Although obesity has many contributing factors, healthy eating behaviors such as choosing fresh fruits and vegetables can help reduce obesity and associated health burdens. According to a report by the Colorado Department of Public Health and Environment, 86 percent of adult Coloradans did not meet recommendations for fruit and vegetable consumption in 2013. Making fruits and vegetables more affordable can go a long way toward encouraging consumption.

A recent USDA report concluded that, when compared with the other USDA Food Pattern food groups (vegetable, fruit, grain, dairy, protein),meeting federal vegetable consumption recommendations is the most expensive recommendation to meet (followed by recommendations around consumption of protein and fruit, respectively) and foods lower in calories such as fruits and vegetables tend to be more expensive per calorie than less healthy foods that are high in saturated fat and added sugar.

Several LiveWell Community Partners have completed community food assessments that engaged residents through surveys, focus groups, listening sessions and other presentations. All assessments identified access to and affordability of fruits and vegetables as a key issue. Community health workers in LiveWell Communities also report that residents consistently raise food access as an important local issue. This is a critical time to implement incentives for fruit and vegetable consumption in Colorado, and providing Double Up Colorado will substantially accelerate progress in this state.

Have nutrition incentive programs increased consumption of fruits and vegetables?

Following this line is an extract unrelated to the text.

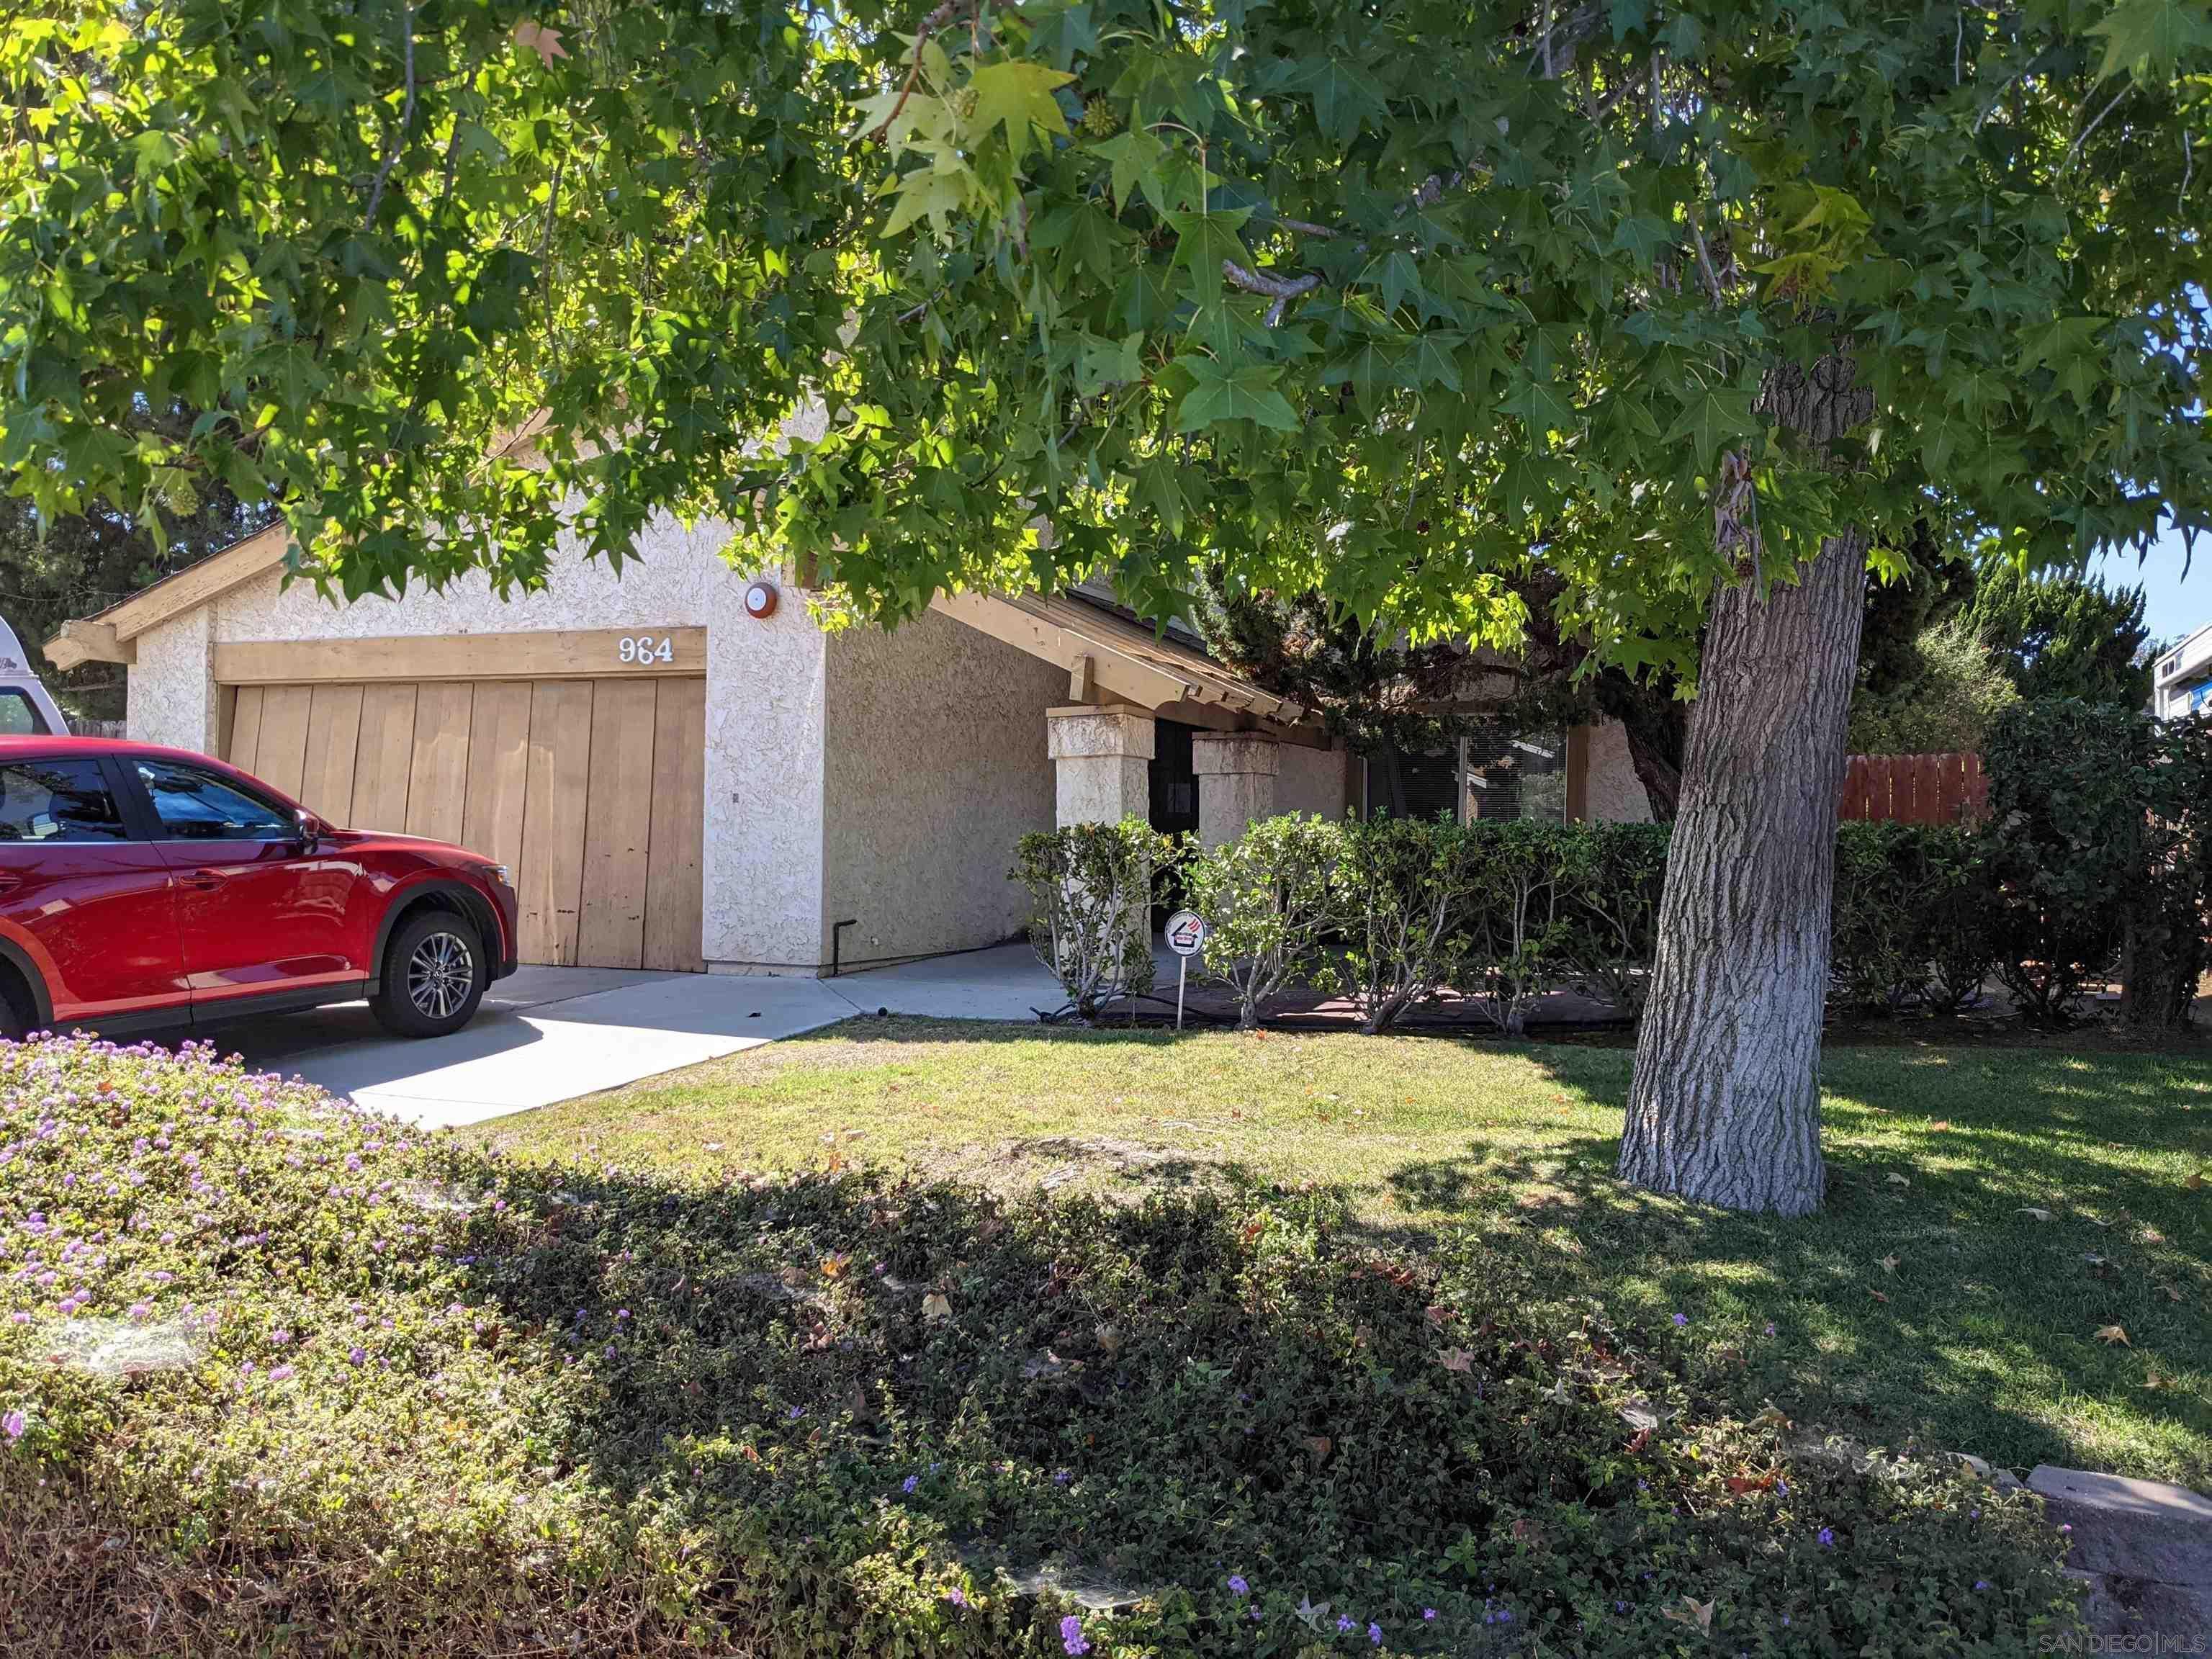 Photo of  964 Buena Vista Way

A Boulder-area market saw remarkable growth with its nutrition incentive program, Harvest Bucks where SNAP sales increased 335 percent over the previous season. Boulder SNAP participant survey results show that more than 86 percent of Harvest Bucks participants reported increasing consumption of fresh fruits and vegetables; 100 percent agreed that it was easier to purchase fresh fruits and vegetables by shopping at the farmers market; 89 percent reported increasing the variety of fruits and vegetables consumed; and over 85 percent reported they would not have come to the farmers markets without the incentives.

Why is Double Up Colorado a LiveWell Collaboration?

LiveWell Colorado’s vision is a statewide movement that removes barriers to health. We work to prevent and reduce obesity in Colorado by increasing access to healthy food and opportunities for physical activity. Providing incentives to SNAP participants for fruit and vegetables is an important step toward ensuring access to healthy food for low-income families.

What is the Food Insecurity Nutrition Incentives (FINI) Grant?
The USDA FINI program is a competitive grant opportunity available through the 2014 Farm Bill which provides funds for SNAP incentive programming and is administered by USDA’s National Institute of Food and Agriculture (NIFA). The USDA FINI Grant brings a half million dollars of federal funding into Colorado, including up to $75,000 in cash incentives in 2016, with an increase in incentives in years two and three of the program.